Я скомандовал, люди, как могли быстро пошли на запад. Некоторое время мы могли держать высокий темп, пытаясь оторваться от русских. Но рёв за спиной неумолимо нарастал. Многие стали оборачиваться, на лицах застыло отчаяние.
Иногда я слышал, как щёлкают затворы винтовок, но было понятно – нам не выдержать боя. Ни укрытия, ни возможности вырыть окоп, ни гранат у нас уже не было.
Через час, может больше, стало очевидно – враг близко. Я принял решение и остановил солдат. Группами по несколько десятков человек мои подчинённые толпились вокруг. Отставшие солдаты медленно подходили к нам, тихо спрашивали, что делать. Многие устало опускались на землю. Но кое-кто всё равно упрямо шагал на запад. Их силуэты растворялись в белой дымке, висевшей над степью.
Русские перед нами замедлили движение. Они, как плугом, окружили нас, заставляли моих солдат сдвигаться друг к другу. Мы молча отступали от них, прижимаясь. Никто не произнёс ни слова, только моторы рвали мне бронхи.
Наконец, они замерли и заглушили двигатели.
Несколько томительных секунд ничего не происходило. Никто не стрелял. Я слышал только сдавленный хрип из глоток, да скрип снега.
Наконец, у одного из ближайших танков открылся люк на башне, и мы увидели улыбающегося русского танкиста.
– Эй, фрицы! – закричал он, высунувшись по пояс из люка. – Пошли с нами чай пить!
Дорогая Марта. Ты помнишь, как я читал тебе русского писателя Теодора Достоевского, старательно переводя его сложный язык? Ты всегда смеялась, когда я читал по-русски, говорила, что при этом забавно топорщу усы, пытаясь изобразить русского человека. Никто не знал из нас тогда, что моё знание этого языка сослужит такую службу…
Я увидел, как какой-то урод, один из офицеров, вытащил из кобуры «парабеллум» и выстрелил в танкиста. Тот качнулся назад, потом завалился вперёд на броню. Его чёрный шлем слетел с головы, раскрыв пучок соломенных волос. Потом русский танкист провалился внутрь танка, его видимо, затащили другие члены экипажа. На мгновение кто-то мелькнул, захлопывая с железным лязгом люк. И всё стихло.
Мыслей не было. Всё остановилось. Стало пронзительно тихо и холодно. Нас охватила оцепеняющая вечность.
А потом моторы разом взревели, сизые клубы удушливого дыма взметнулись вокруг нас, хлопки выстрелов и страшные крики заживо раздавливаемых людей заполнили всё моё существо.
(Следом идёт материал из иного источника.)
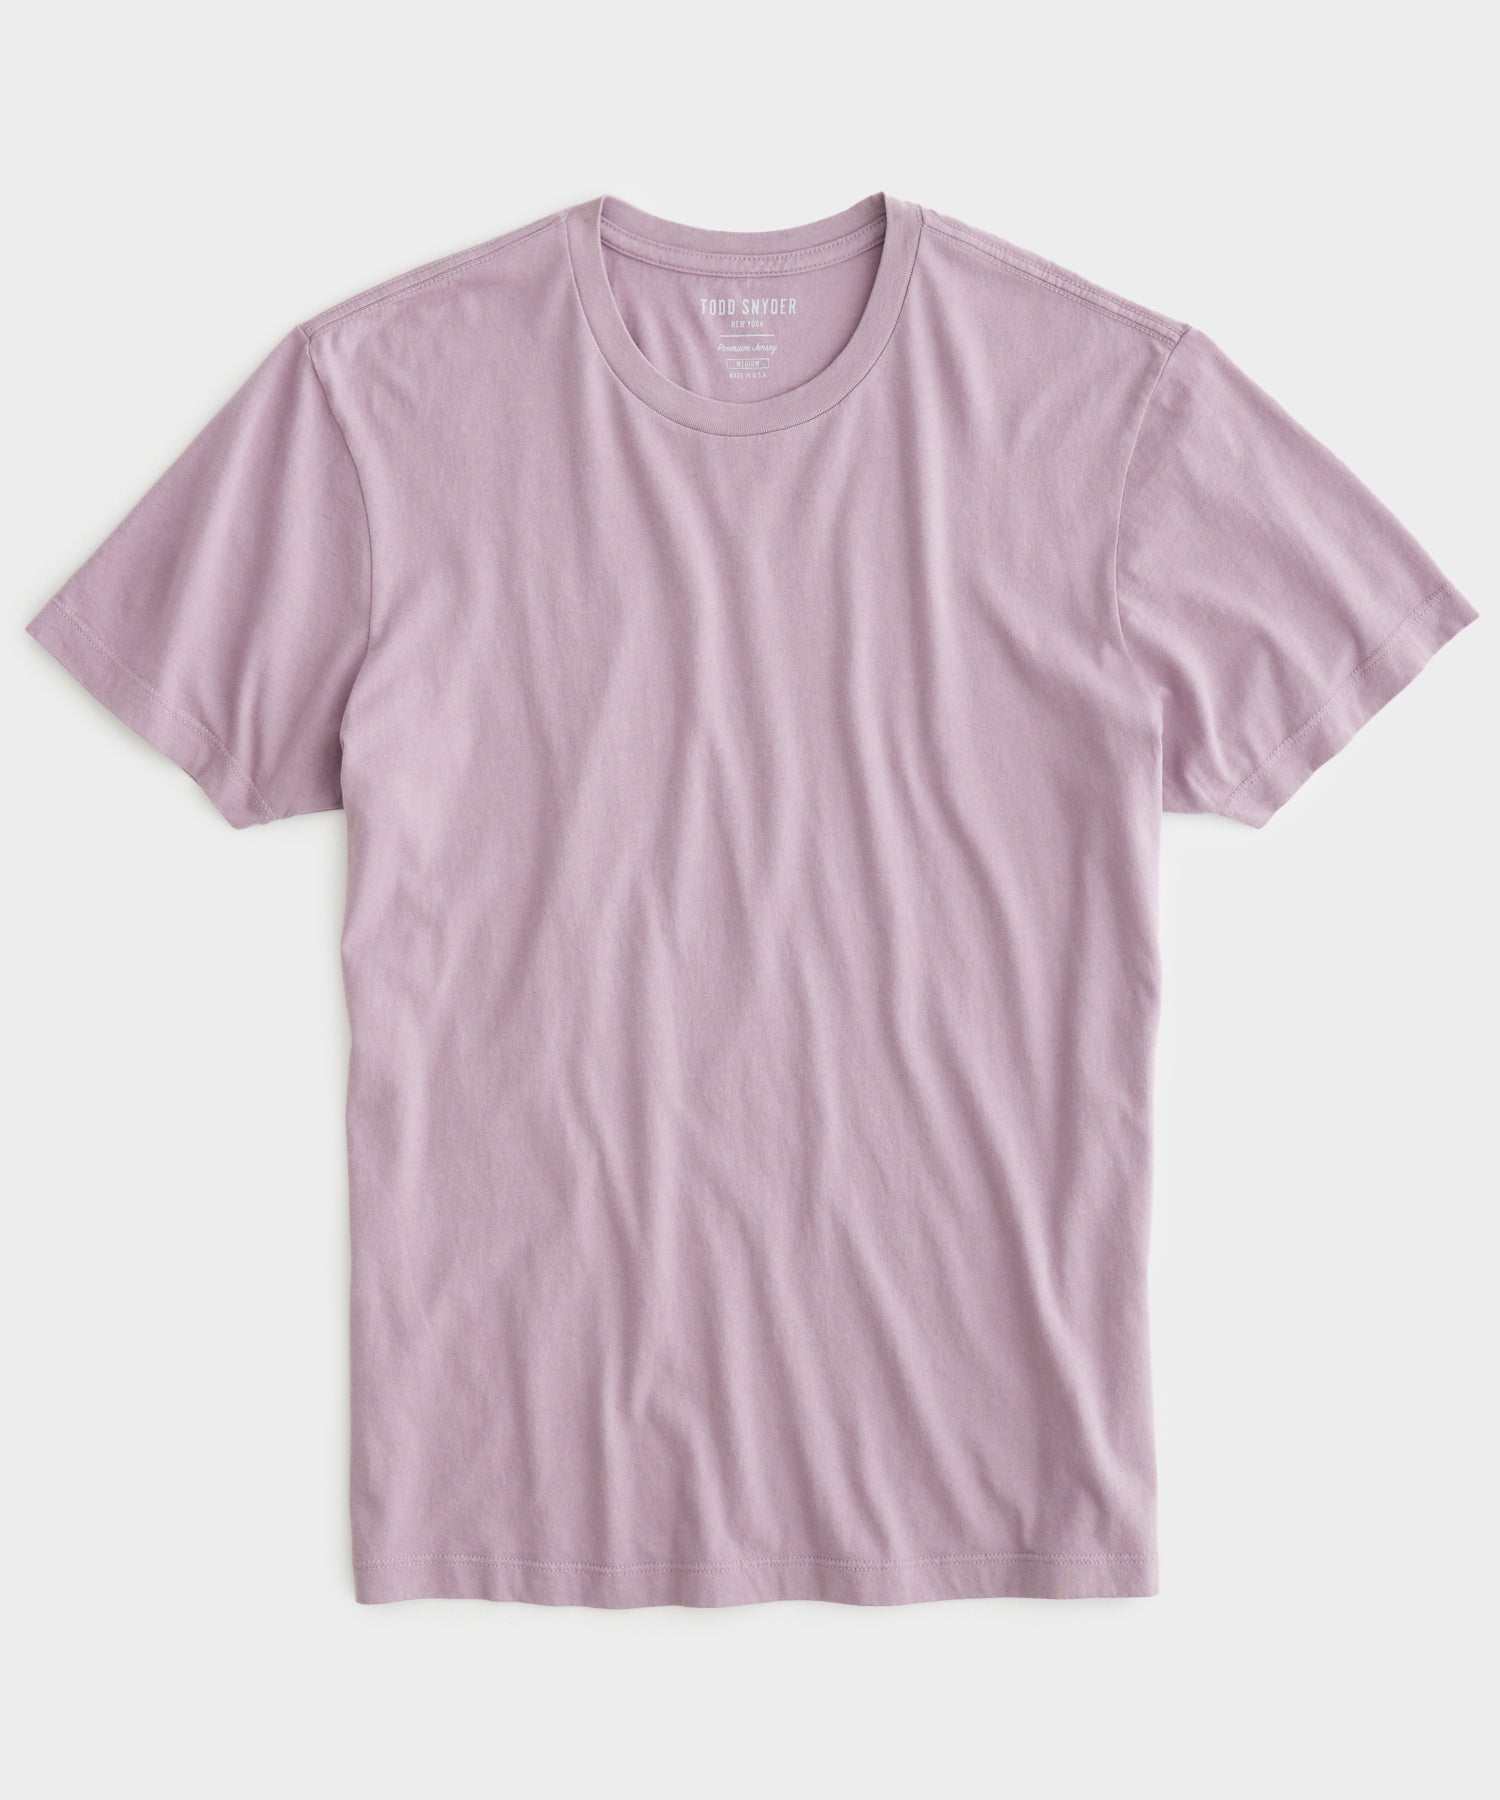 Made in L.A. Premium Jersey T-Shirt in Dried Lilac

Я пошёл прочь. Не бежал, не пытался прятаться или стрелять. Я шёл, вжав в плечи шею и сутулясь. Просто шёл, механически переставляя ноги, ни о чём не думая. Смерть шла рядом, иногда поглядывая на меня, не забывая попутно собирать свой кровавый урожай. Она, насытившись, отпустила меня, может быть потому, что я в те минуты был трупом, а потому не представлял для неё никакого интереса.
Как-то незаметно вокруг меня образовалась команда бредущих солдат.
Они так же, как и я, молча шли в одну сторону, не реагируя на происходящее вокруг и даже копируя мою походку и сутулую фигуру. Постепенно крики, рёв танков и выстрелы остались позади. Их сменил ветер, налетевший на нас. Вьюга подняла миллионы колючих снежинок, которые полезли в глаза, нос и за воротник. Мы отворачивались от них, упрямо передвигая ноги, которые, я знаю, уже никто не чувствовал от усталости и холода.
Стемнело. Значит, мы шли уже много часов. Я поднял руку. Даже это простое движение вызвало головокружение. Я бросил винтовку перед собой и упал рядом. Мои товарищи повалились следом.
Каждый как-то пытался укрыться от снега и ветра, уткнувшись в спину соседа и поджав ноги. Нас быстро занесло. Возможно, снег спас нам жизнь, укрыв одеялом. Ну, по крайней мере, кому-то из нас. Я забылся в каком-то страшно перевозбуждённом состоянии души. Но тело упрямо отказывалось реагировать на это. Я ощущал лишь мелкие судороги в подмышках и в уголках губ.
Поймал себя на мысли, что прошлая ночь была божественной.
Следующий день просто выпал из моей жизни.
Мы вышли вчера на полевой аэродром. Помню, сидели у костра, лётчики угощали нас обжигающим чаем и шнапсом. Я плакал. Они смотрели на нас и клялись отомстить. Доктор их делал нам какие-то уколы, завернули в одеяла.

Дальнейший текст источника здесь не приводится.